Two persons are required for safe mounting---one to hold the C8, one to tighten/loosen the screws.
This is rule: the two person rule.
Exception: One person can do it if you really think you have the technique and strength to do it safely alone.
The wedges are permanently installed on the pillars. So nothing is needed at this step.
Take the screw-on pads from a shelf in the shed and screw them onto the pillars.
The pads should be screwed on snugly, but avoid making them so tight that they can't be unscrewed without great force.
The pads should be snug enough NOT to move during ordinary telescopes operations.
If you the lights arn't working and you what to make them work yourself, you need put in new lithium batteries.
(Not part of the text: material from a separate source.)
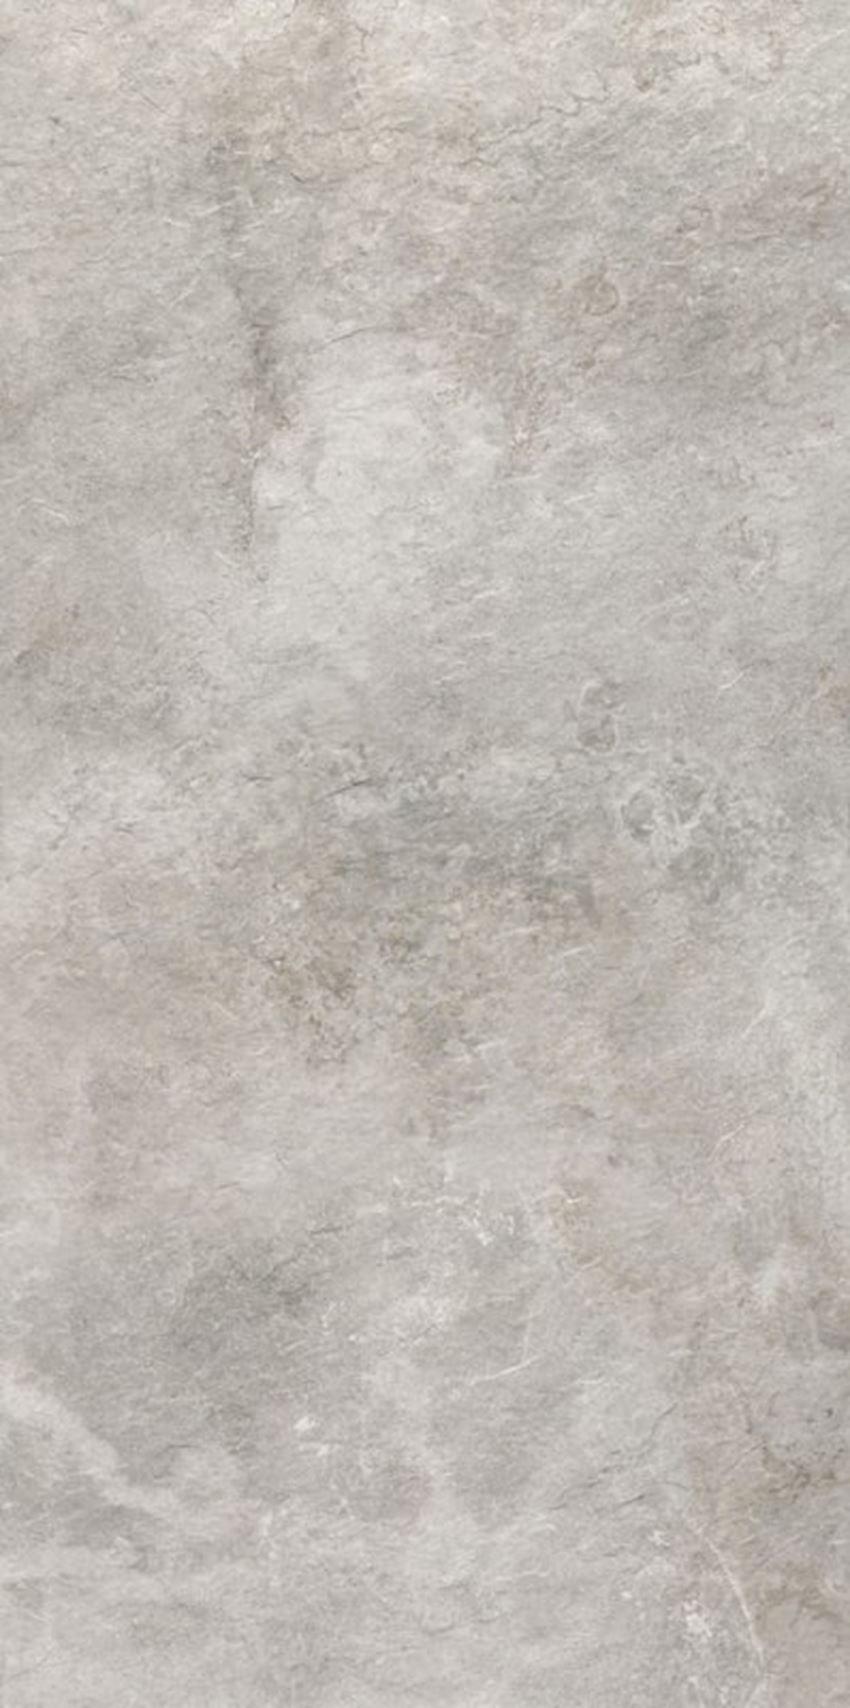 Płytka ścienno-podłogowa 59,5x119,5 cm Paradyż Burlington Silver Płyta Tarasowa 2.0

See Changing a Star Pointer Battery.
Or load the C8's on a cart for transport.
The C8's are NOT completely fragile, but nevertheless, you should be quite gentle with them.
Screw in one screw first and then the 1st person hangs the C8 on the wedge by that screw.
Then the 2nd person tightens the screw and screws the other two screws in.
The operation can be done by one skillful, strong enough person, but it's easier and safer with two persons.
Put the C8 on the pad with pad screws aligned with the C8 If you do this neatly, the aligmnent is right right-off. If you don't do it neatly, you may have to manhandle the C8 a bit to get alignment.
Screw the three screws until they are snug. I find the screwing on with the left hand and screwing off with the right hand is most natural.
The plug end of a wire goes in the pillar socket, the BNC connector itself goes into the prong on top of the C8 base.
I find screwing on/off the BNC connector with one hand held over the BNC connector works well.
The finderscope still needs batteries for illumination of the crosshairs, but we don't nee that illumination, and so don't worry about batteries at all anymore.
The students should learn to turn them on for themselves.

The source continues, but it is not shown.